A DHS panel created after an intruder jumped a fence into the White House in 2014 recommended that special agents protecting the president and vice president should spend 25 percent of their time on training.

However, when GAO first made this recommendation in 2019, it found that PPD and VPD special agents attended training for 5.9% and 2.9% of their regular work hours, respectively, in fiscal year 2018.

In 2021, the Secret Service set a goal that special agents assigned to the President and Vice President should spend approximately 12% of their time in training, a goal to be achieved in fiscal year 2025.

But in 2023, the protection agency pushed back this target date to 2027, saying it needed to secure funding for additional staff to provide more time for training.

Matthew Noyes, director of cyber policy and strategy for the Secret Service’s Office of Investigations, said at the Aspen Security Forum in July that the agency has struggled to maintain staffing levels for a decade due to government-wide budget caps first implemented in 2013.

The Secret Service received $3.1 billion in fiscal year 2024, a 9% increase over the previous year.

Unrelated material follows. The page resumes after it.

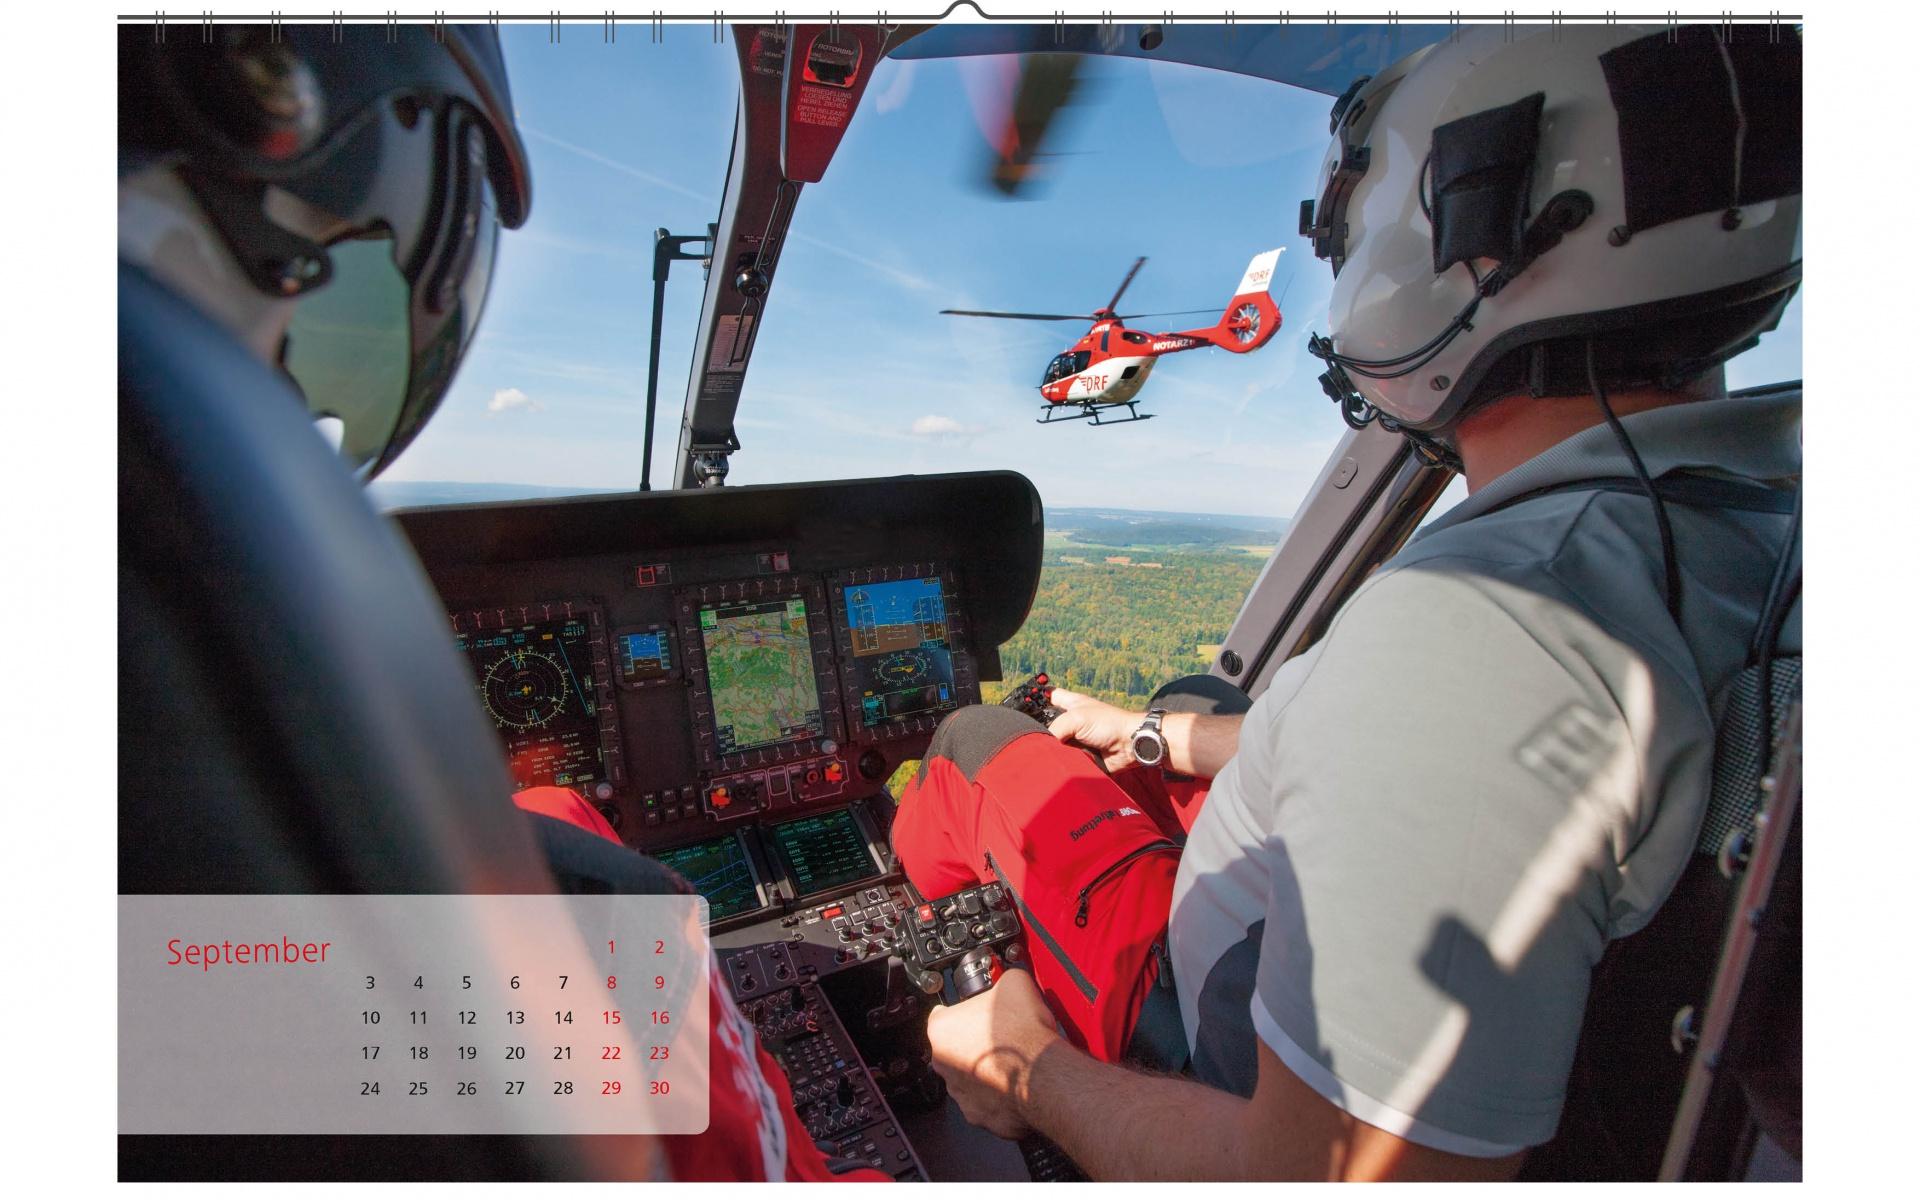 Willkommen in der Flotte: 2018 werden die ersten Hubschrauber des Typs H 135 bei der DRF Luftrettung in Dienst gestellt.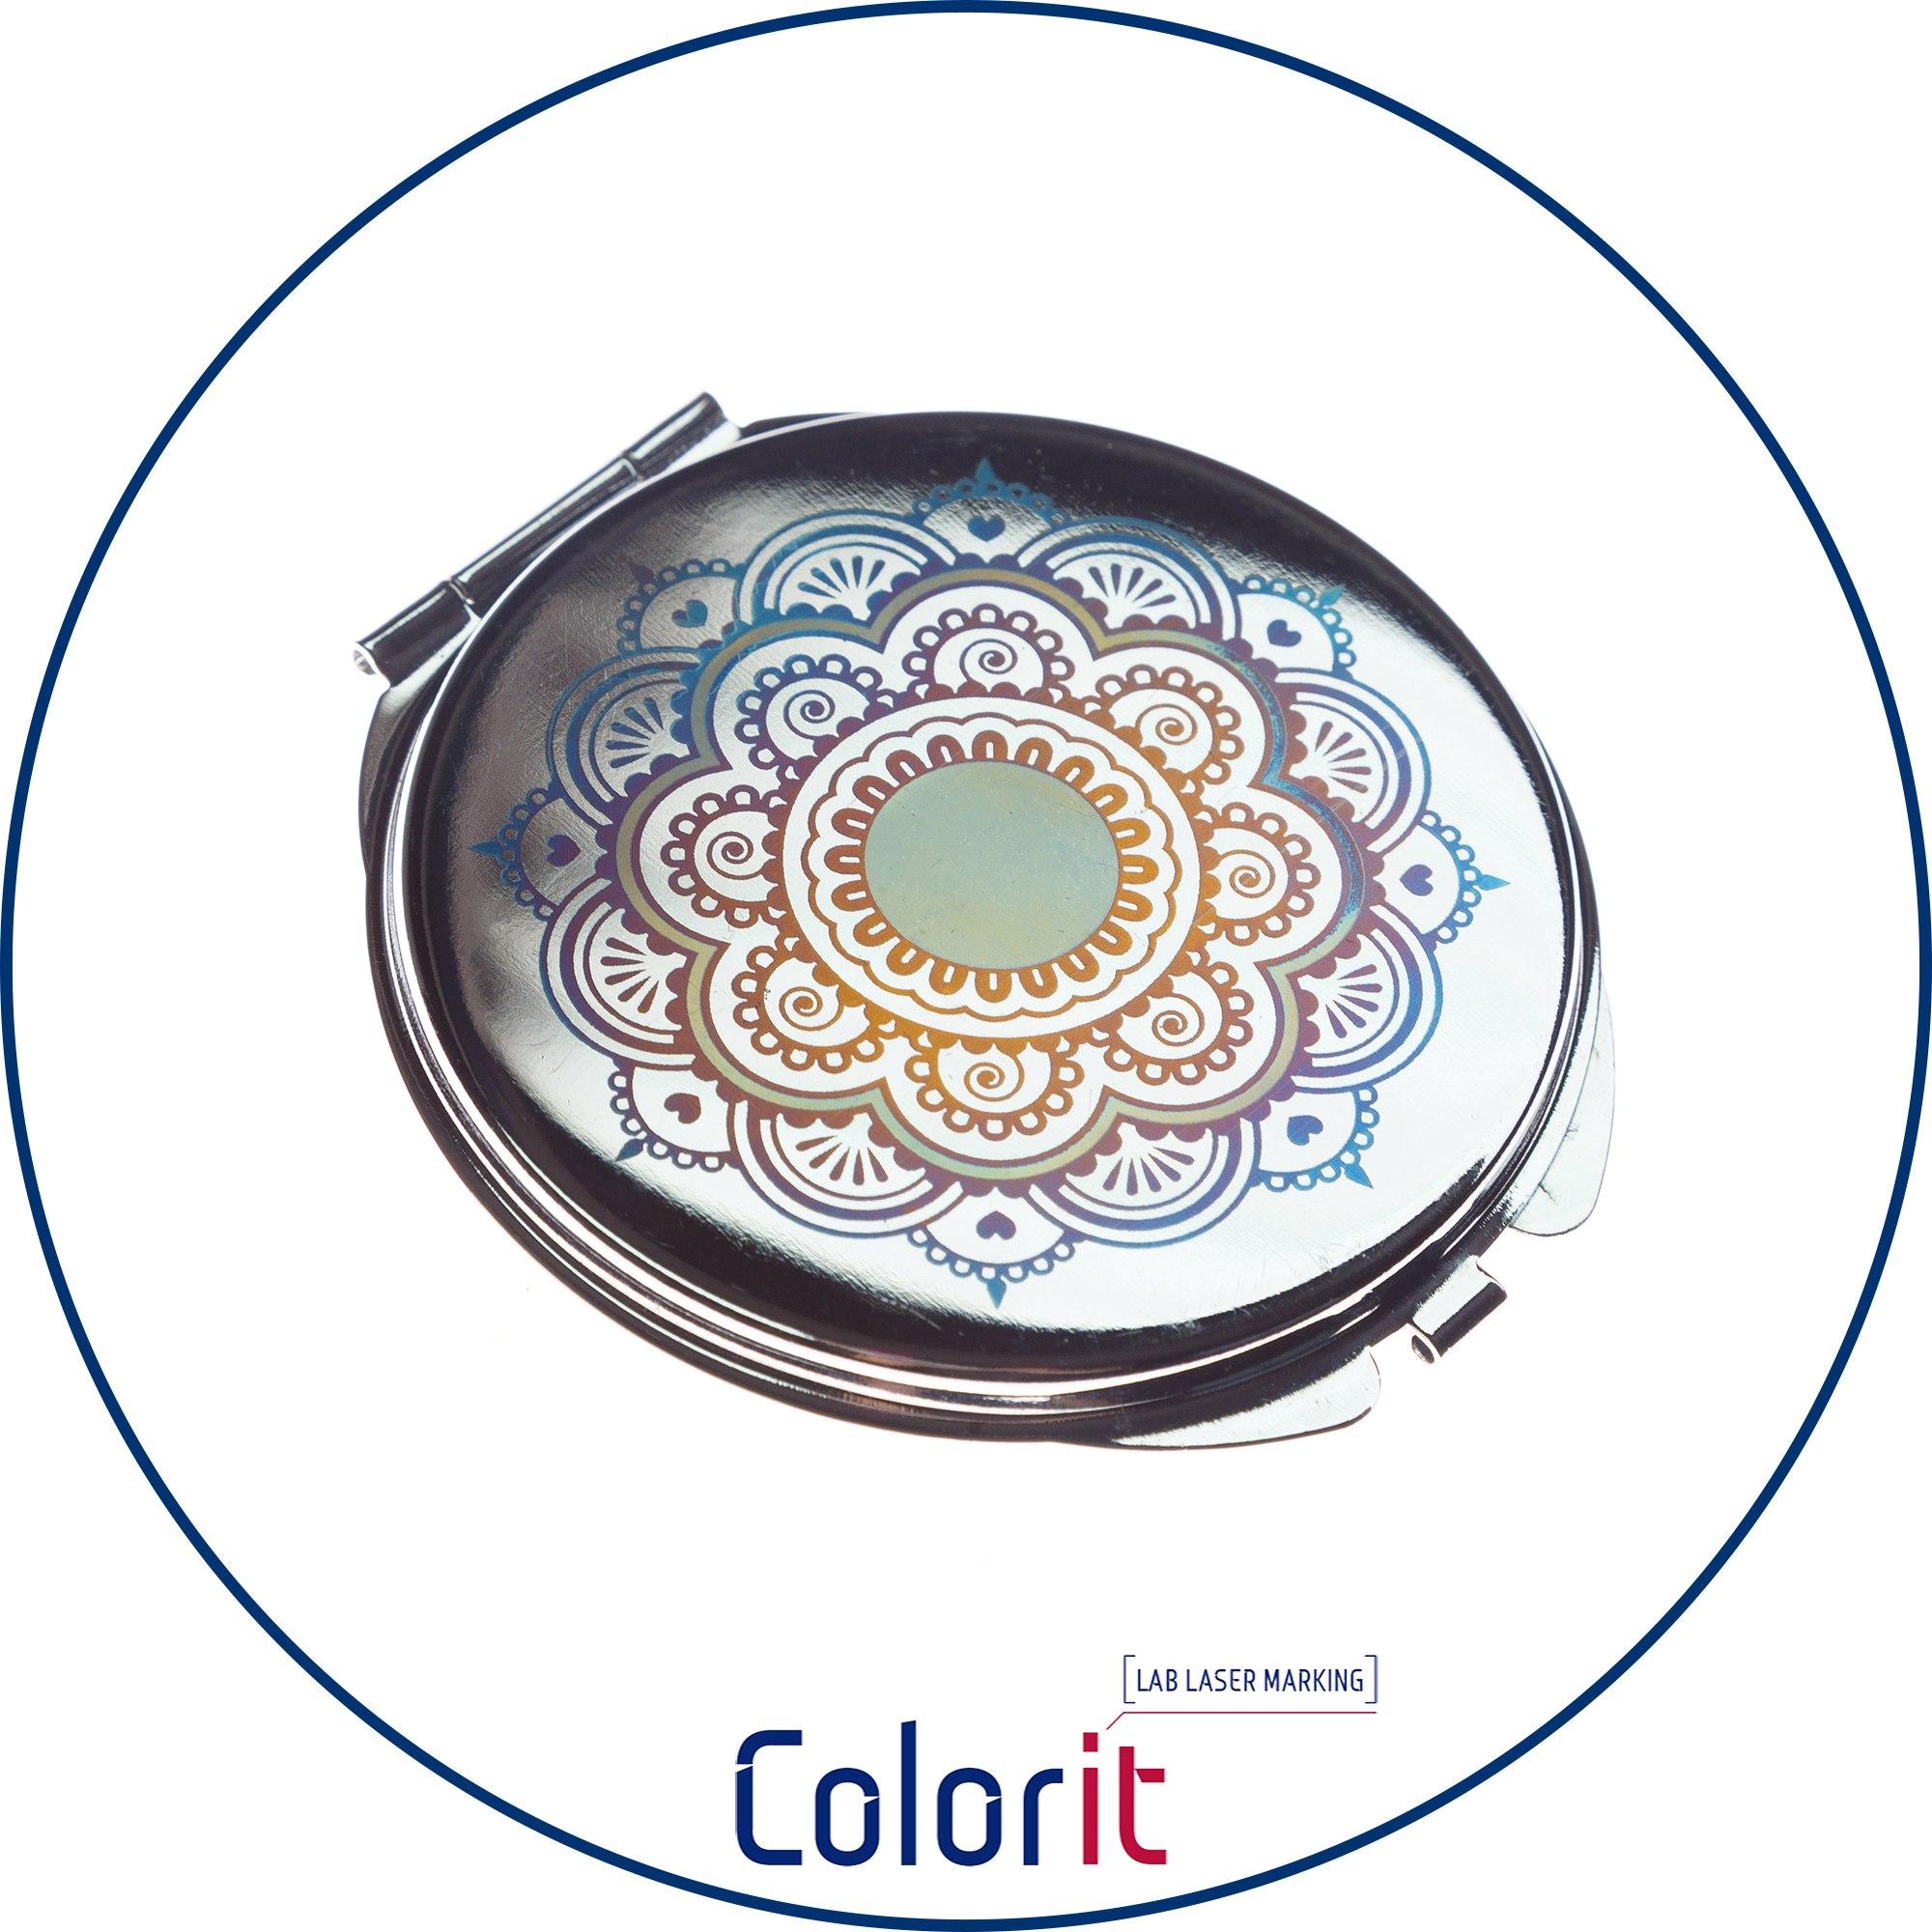 Технология ColorIt для цветной лазерной маркировки металлов

Shortly after the attack, Secret Service Director Kimberly Cheatle resigned amid bipartisan criticism of her agency’s handling of the rally, where a gunman killed one attendee, injured two others and grazed Trump’s ear. Numerous congressional committees, a bipartisan House task force, the Department of Homeland Security’s inspector general and an independent commission of inquiry overseen by the department are investigating the Secret Service’s actions that day.

Other GAO recommendations on the open priorities list include that DHS and the Department of Health and Human Services should close gaps in information sharing to ensure that the Office of Refugee Resettlement receives the information necessary to make decisions for unaccompanied migrant children. Additionally, the department should work with the FBI to evaluate existing agreements on joint initiatives to combat domestic terrorist threats.

GAO found that DHS has implemented 16 recommendations on the priority list since June 2023. For example, FEMA took steps to assess how effectively its disaster response forces were deployed to meet mission needs on the ground, and DHS improved the way it serves families on the southwest border.